Over 18 million kilogrammes of flue-cured tobacco worth $46,7 million has been sold at the auction floors at an average price of $2,61 since the opening of the floors last month in Zimbabwe. The figure represents a 39 percent increase compared to tobacco sold during the same period last year when 13 million kilogrammes were sold at an average price of $2,48. The average prices are up by five percent as quality tobacco starts to be delivered at a rate of one million kilogrammes daily.
The latest figures released by the Tobacco Industry and Marketing Board (TIMB) show that 243 356 bales of tobacco have been sold, while 19 000 bales being rejected.
Reasons for rejection included overweight, mouldy and badly handled tobacco. The highest price recorded was $6 per kilogramme. TIMB spokesperson Mr Isheunesu Moyo said as of Thursday last week, the figures had doubled that of the corresponding season.

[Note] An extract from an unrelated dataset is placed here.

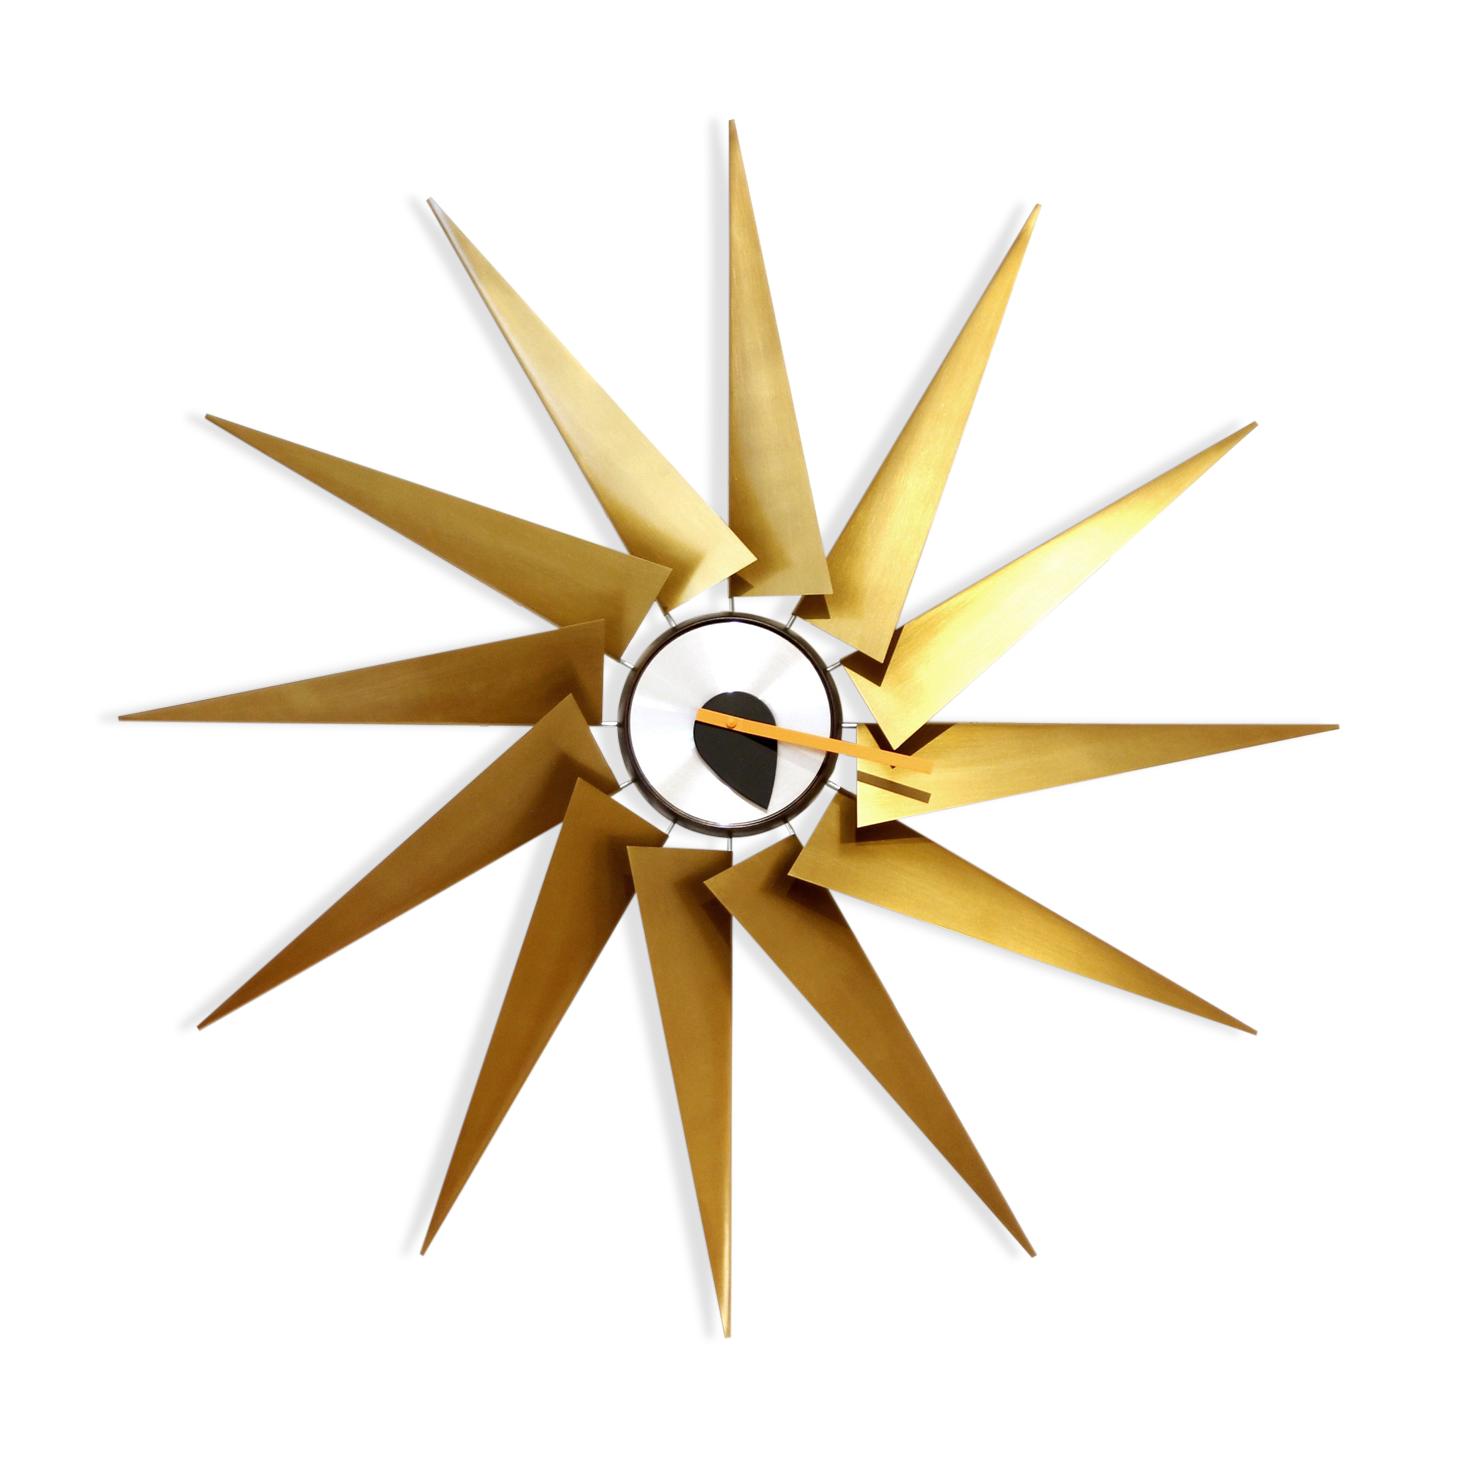 "horloge ""turbine"" george nelson - laiton - doré - design - b1hi5dr"
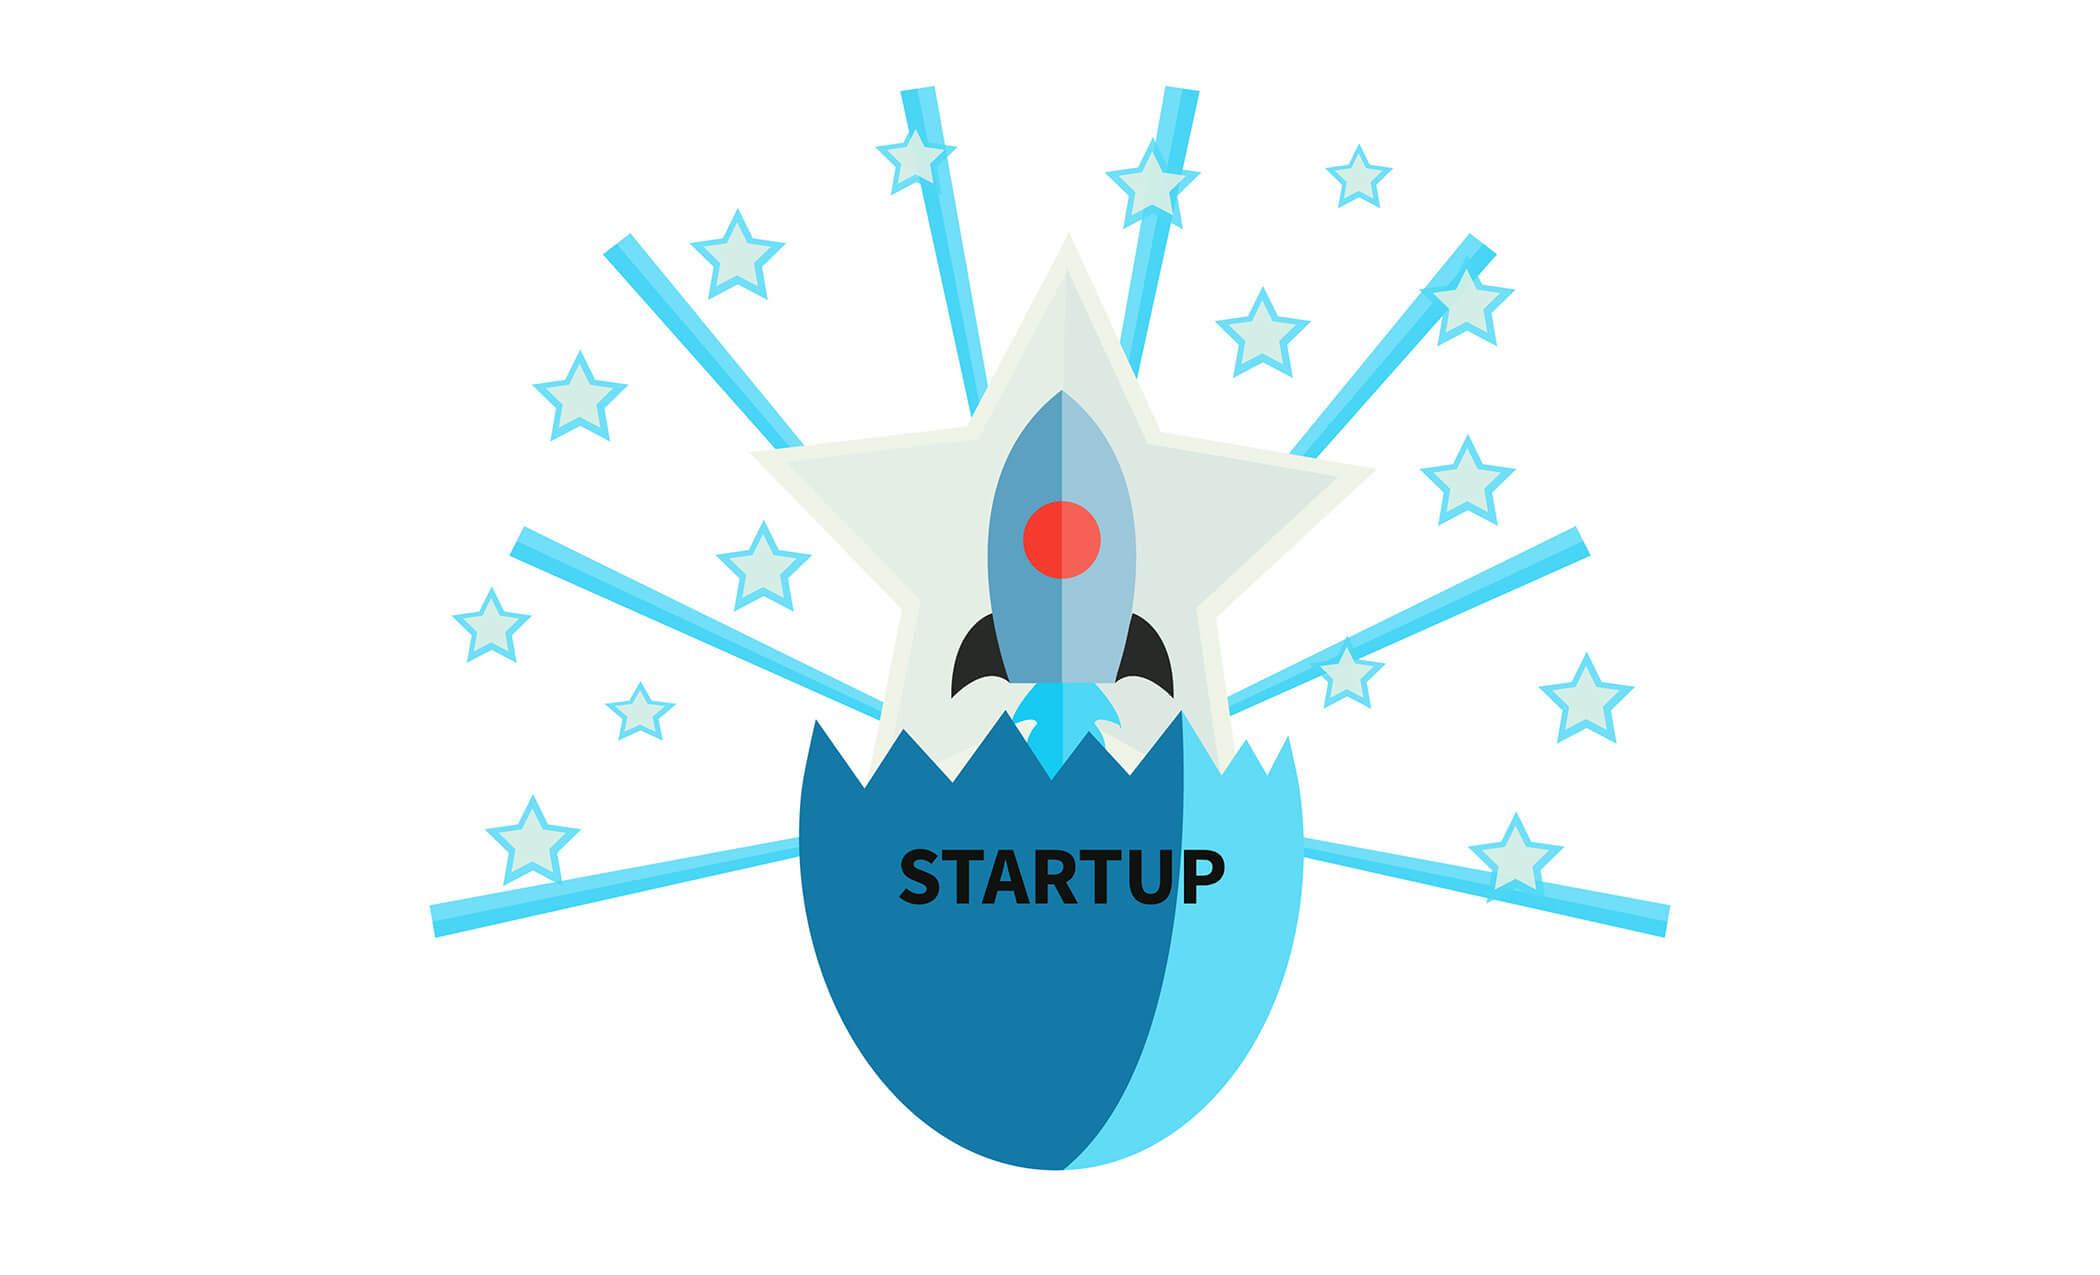 Founders' Series: Incubate or Accelerate?

“2017 outputs are overwhelmingly high, we have good prices and high volumes of tobacco delivered as well as seasonal exports,” said Mr Moyo. This year’s marketing season opened with some farmers complaining over the new e-marketing system introduced by TIMB and the payment system, which required them to open bank accounts into which payments would be deposited rather than receiving spot cash at the floors as in previous years.
At least $800 million is likely to be earned by farmers this season.